A 73-year-old Indiana woman gave birth to twins in the South Indian state of Andhra Pradesh, rekindling bitter controversy over geriatric pregnancies.
The doctor who managed the geriatric pregnancy that took place yesterday with cesarean section is Sankkayala Uma Shankar, a well-known specialist in India. Interviewed by The Post, he said that mother and girls are doing well.

Mangayamma Yaramati and her 82-year-old husband have wanted children for a lifetime (literally, I would say), and have undergone the silent treatment for years in their Indian village for those who have no children.
"We've done everything, tried a lot of doctors, but we never got it. This is the best day of my life."
Mangayama Yaramati
"The twin birth was very sweet, there was no complication," explains the doctor. "The patient only had some breathing difficulties with the first baby, but she was monitored until her pregnancy record."
In vitro veritas
The twins were conceived with in vitro fertilization. Mama Yaramati was already in menopause, and so was a donor's egg was fertilized with the seed of her husband before being implanted to produce birth. In these cases the parts with twins are not uncommon.
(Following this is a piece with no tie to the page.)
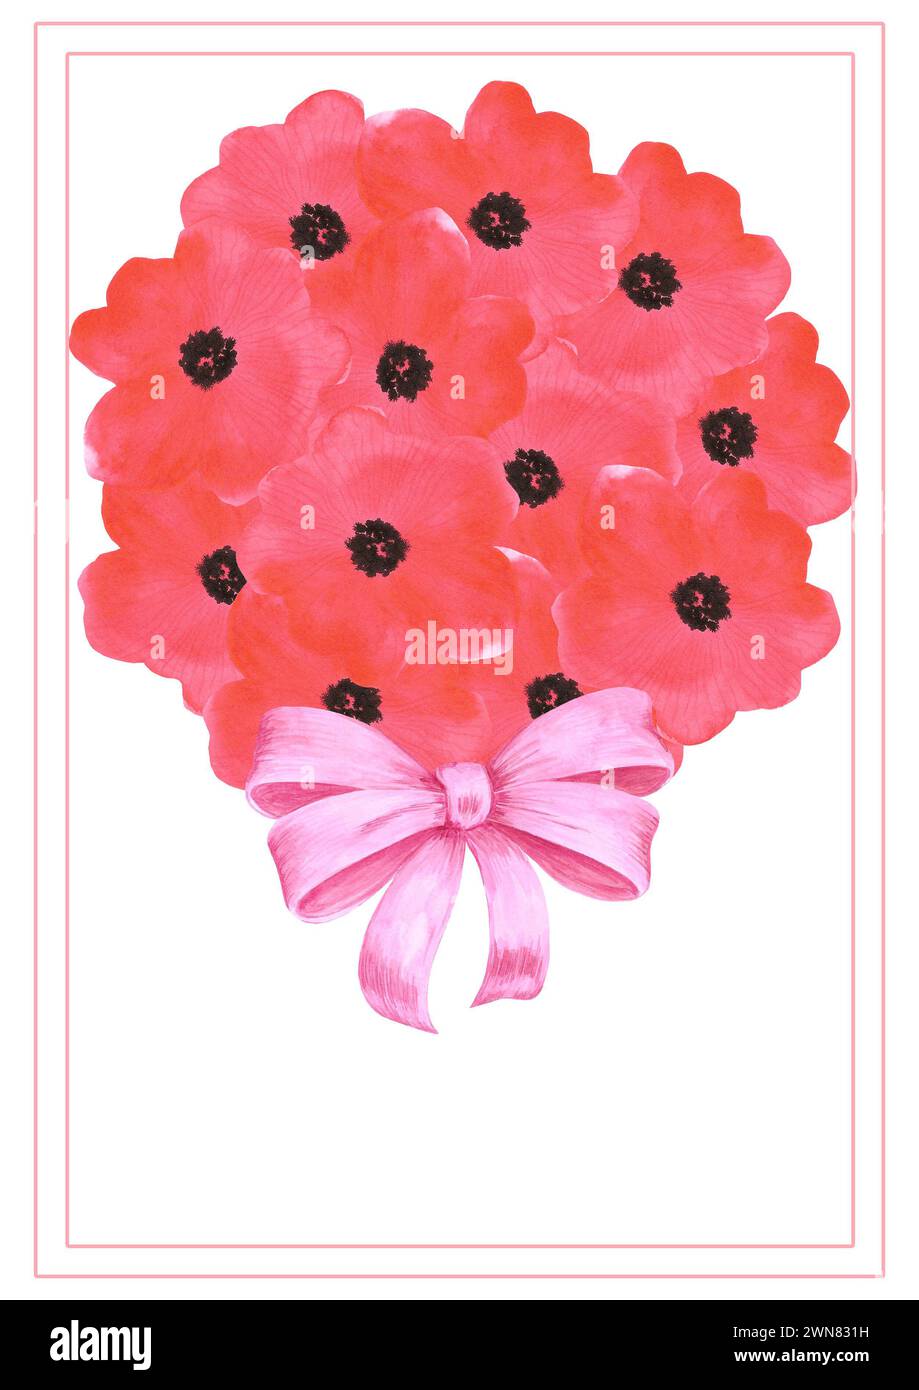 Carte postale de bouquet de fleurs de coquelicot rouge dessinée à l'aquarelle dessinée à la main isolé sur fond blanc. Peut être utilisé pour la carte, l'affiche et d'autres produits imprimés Banque D'Images

Shannon Clark, a professor of maternal and fetal medicine at the University of Texas claims that geriatric pregnancy with a record birth in Yaramati is decidedly atypical. He added, however, that it should not surprise us any more given the advances in assisted reproduction technologies and in general in longevity studies.
"Eggs deteriorate in quality and quantity over time, but the uterus is not subject to the same rules," explains Clark.
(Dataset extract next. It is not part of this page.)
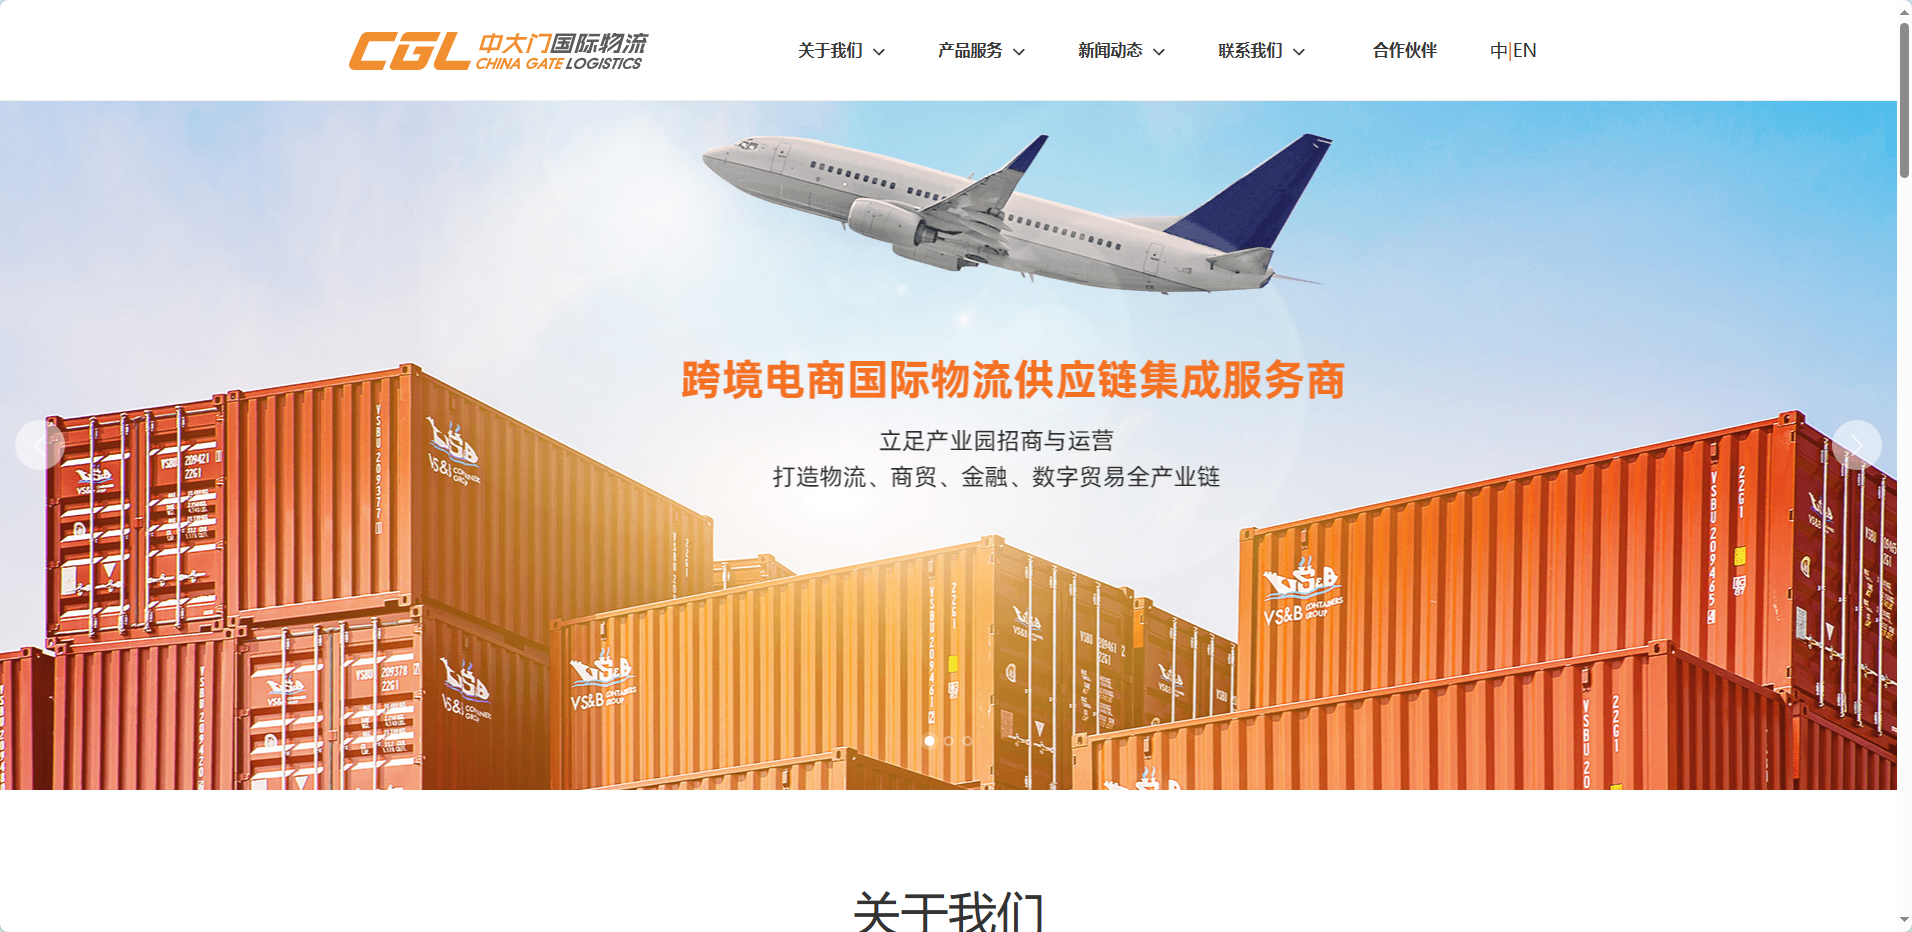 中大门国际物流(China Gate Logistics)

However, Yaramati is at this time the oldest woman in the world to have given birth to children. The record three years ago belonged to a XNUMX-year-old Indian woman.
The record for a pregnancy without assisted fertilization belongs instead to a 59 year old English woman, who in 2007 she gave birth without scientific aid.
The controversy
The contrast between two visions is really strong. Many ethicists have been raising bitter controversy for years over geriatric pregnancy at an increasingly advanced age. They consider it an irresponsible act. Others, including of course doctors who have helped women get pregnant and have record twins, say even record pregnancy, even if a woman gives birth at 95, is "a fundamental right" and as such cannot be denied to people alone. due to age.
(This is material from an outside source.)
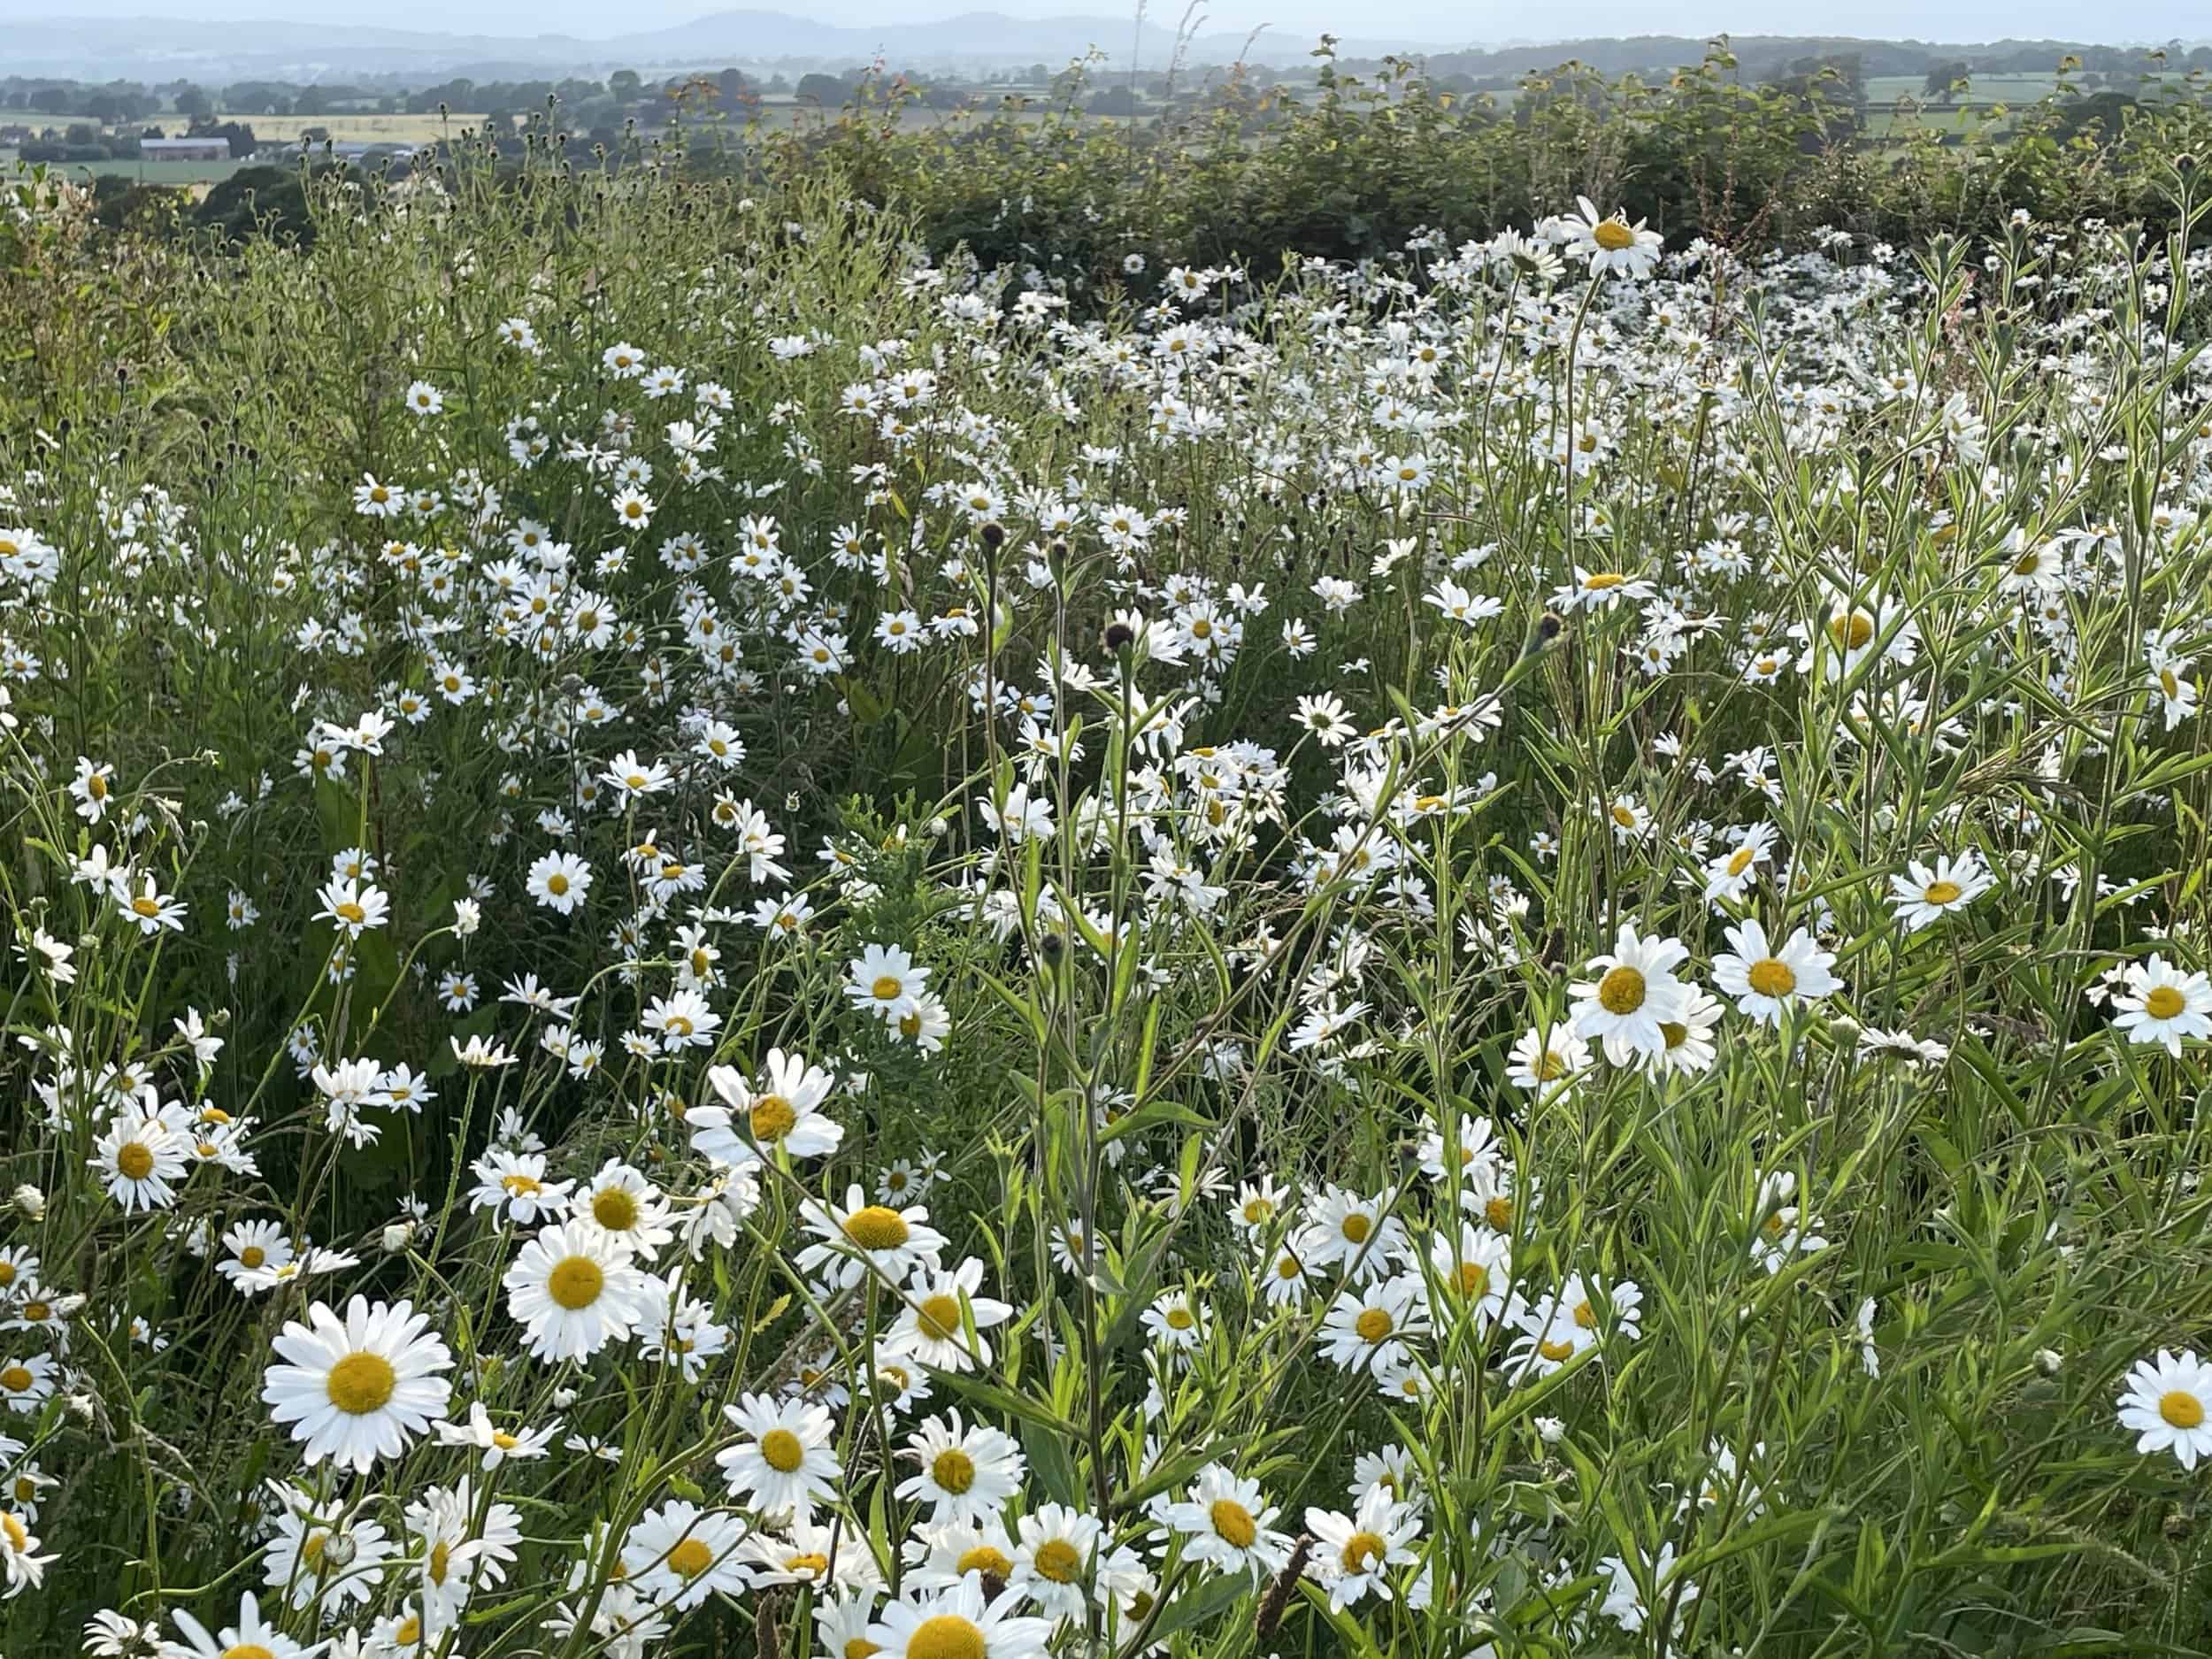 white daisy flowers in a field

In a 2016 document, the Ethical Committee of the American Society of Reproductive Medicine discourages doctors a "provide donor oocytes or embryos to women over the age of 55 to produce a record twin birth, or in any case a large multiple birth, even when they do not involve particular medical problems".
The reasons are related to the safety and longevity of the unborn child, as well as to the "need for adequate psychosocial support for the growth of the child at such an advanced age".
What do you think of it? For or against? A record multiple births like the Indian one in Italy has never happened. With us the record of twin births is now stuck at 62 years of age. Are you ready to see the psychological threshold of 80 years collapse? One day in the newspaper we will read "woman gives birth at 95".